GOAL OF THE EXERCISE -
Search the listing below for the word "portraits" and copy each line where it appears.

- Opening Delimiter -

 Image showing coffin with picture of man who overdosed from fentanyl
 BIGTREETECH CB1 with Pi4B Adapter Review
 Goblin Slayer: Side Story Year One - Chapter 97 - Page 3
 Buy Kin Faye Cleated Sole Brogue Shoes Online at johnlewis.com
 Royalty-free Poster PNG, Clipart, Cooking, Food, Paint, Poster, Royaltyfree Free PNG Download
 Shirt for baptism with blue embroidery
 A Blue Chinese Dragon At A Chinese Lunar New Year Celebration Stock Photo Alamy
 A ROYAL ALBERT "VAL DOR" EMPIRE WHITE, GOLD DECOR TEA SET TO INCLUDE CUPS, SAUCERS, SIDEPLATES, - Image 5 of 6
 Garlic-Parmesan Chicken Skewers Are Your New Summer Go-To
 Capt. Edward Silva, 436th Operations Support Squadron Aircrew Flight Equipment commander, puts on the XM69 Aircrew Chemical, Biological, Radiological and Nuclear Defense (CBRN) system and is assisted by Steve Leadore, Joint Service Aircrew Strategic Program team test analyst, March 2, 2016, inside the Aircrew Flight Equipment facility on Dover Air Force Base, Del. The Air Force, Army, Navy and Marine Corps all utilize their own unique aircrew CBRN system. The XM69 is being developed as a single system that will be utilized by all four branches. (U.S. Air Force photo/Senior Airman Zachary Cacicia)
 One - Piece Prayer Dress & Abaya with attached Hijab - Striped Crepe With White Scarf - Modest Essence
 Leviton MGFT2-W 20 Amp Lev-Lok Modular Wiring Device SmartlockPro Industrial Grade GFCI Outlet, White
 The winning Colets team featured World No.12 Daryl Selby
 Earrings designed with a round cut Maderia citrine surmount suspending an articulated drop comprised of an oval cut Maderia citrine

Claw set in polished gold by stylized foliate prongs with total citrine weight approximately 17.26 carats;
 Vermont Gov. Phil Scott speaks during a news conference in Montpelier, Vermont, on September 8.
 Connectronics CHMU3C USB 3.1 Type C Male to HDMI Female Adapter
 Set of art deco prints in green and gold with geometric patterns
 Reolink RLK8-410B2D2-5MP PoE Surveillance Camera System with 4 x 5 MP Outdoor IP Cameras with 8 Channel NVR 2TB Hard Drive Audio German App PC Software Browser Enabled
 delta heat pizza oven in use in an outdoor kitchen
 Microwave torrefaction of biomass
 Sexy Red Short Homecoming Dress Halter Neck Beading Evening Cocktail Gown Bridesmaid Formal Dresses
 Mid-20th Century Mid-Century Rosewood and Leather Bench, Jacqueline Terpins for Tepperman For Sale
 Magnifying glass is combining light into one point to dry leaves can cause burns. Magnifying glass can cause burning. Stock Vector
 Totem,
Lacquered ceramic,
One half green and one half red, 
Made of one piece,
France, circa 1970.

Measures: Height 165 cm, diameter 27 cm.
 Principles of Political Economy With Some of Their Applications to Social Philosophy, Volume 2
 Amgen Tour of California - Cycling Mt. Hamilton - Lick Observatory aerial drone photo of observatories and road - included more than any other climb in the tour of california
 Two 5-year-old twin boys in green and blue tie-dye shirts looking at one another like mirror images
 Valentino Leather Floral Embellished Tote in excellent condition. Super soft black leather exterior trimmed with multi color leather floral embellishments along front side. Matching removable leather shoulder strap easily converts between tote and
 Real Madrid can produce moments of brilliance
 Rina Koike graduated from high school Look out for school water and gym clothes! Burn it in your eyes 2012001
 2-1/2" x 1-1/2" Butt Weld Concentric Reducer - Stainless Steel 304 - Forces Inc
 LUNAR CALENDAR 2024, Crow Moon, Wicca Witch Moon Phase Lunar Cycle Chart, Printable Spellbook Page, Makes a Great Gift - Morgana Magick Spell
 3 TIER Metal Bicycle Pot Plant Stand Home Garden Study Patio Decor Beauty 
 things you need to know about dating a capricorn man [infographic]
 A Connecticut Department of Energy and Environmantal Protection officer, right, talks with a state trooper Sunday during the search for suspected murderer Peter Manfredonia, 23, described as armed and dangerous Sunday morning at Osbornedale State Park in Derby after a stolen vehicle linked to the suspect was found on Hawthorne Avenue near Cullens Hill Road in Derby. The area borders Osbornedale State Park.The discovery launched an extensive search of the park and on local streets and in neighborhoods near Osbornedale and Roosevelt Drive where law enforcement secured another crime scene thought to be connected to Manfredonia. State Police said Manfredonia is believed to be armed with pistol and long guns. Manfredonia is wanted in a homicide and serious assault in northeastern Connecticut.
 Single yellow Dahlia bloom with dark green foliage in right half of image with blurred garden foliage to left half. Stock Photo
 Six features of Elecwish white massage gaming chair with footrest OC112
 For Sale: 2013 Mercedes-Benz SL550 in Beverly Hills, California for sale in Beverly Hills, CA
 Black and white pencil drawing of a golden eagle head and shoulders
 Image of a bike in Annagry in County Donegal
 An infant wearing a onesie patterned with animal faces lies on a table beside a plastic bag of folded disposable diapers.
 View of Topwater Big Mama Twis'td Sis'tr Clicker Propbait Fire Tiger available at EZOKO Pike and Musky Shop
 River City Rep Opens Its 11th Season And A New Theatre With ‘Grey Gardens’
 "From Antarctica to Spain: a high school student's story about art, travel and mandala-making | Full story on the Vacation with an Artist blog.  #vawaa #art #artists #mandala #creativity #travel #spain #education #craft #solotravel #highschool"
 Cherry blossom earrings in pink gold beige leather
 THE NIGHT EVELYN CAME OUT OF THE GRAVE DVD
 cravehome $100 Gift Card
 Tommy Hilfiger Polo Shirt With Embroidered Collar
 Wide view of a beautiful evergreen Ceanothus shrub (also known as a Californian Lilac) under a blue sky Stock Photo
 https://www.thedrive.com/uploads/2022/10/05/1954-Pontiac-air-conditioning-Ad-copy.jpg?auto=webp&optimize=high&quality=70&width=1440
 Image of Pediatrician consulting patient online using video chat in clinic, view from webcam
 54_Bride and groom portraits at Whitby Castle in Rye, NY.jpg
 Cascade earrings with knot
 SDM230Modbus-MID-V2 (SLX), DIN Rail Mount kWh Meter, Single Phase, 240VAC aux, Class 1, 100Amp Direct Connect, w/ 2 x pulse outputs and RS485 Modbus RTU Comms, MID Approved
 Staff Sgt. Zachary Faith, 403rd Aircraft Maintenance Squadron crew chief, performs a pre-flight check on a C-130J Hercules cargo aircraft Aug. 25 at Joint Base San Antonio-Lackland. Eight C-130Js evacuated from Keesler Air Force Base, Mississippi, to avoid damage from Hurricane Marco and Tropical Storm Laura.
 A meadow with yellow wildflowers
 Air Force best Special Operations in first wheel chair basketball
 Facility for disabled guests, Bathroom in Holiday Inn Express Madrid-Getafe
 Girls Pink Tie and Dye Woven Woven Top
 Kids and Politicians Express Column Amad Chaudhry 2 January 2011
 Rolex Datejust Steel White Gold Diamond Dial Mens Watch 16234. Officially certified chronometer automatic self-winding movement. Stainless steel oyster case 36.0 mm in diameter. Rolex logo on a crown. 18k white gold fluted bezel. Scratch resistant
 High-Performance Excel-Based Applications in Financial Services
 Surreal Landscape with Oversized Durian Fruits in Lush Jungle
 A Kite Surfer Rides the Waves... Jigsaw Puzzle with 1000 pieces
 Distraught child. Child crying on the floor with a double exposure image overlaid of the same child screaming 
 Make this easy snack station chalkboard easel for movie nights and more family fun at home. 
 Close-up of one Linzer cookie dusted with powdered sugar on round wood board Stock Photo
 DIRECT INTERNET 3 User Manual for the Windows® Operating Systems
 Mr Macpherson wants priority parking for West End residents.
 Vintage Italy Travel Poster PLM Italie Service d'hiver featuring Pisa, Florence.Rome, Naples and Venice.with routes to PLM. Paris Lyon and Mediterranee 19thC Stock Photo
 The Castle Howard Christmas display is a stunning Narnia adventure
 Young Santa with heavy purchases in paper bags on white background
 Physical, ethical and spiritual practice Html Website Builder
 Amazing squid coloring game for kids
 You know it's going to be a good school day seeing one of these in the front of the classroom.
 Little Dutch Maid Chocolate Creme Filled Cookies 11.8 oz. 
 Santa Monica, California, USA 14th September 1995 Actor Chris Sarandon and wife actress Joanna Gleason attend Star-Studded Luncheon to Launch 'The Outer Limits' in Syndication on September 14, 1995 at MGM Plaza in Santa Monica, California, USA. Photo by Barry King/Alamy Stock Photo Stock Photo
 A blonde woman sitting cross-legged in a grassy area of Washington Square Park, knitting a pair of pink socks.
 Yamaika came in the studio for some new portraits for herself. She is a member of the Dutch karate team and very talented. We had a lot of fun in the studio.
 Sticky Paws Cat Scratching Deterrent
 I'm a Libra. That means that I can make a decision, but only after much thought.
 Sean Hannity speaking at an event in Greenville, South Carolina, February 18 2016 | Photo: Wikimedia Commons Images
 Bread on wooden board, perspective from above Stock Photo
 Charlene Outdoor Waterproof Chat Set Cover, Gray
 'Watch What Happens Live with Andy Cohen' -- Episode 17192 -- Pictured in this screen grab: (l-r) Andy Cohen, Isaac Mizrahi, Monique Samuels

- Closing Delimiter -

ANSWER TO THIS EXERCISE -
 54_Bride and groom portraits at Whitby Castle in Rye, NY.jpg
 Yamaika came in the studio for some new portraits for herself. She is a member of the Dutch karate team and very talented. We had a lot of fun in the studio.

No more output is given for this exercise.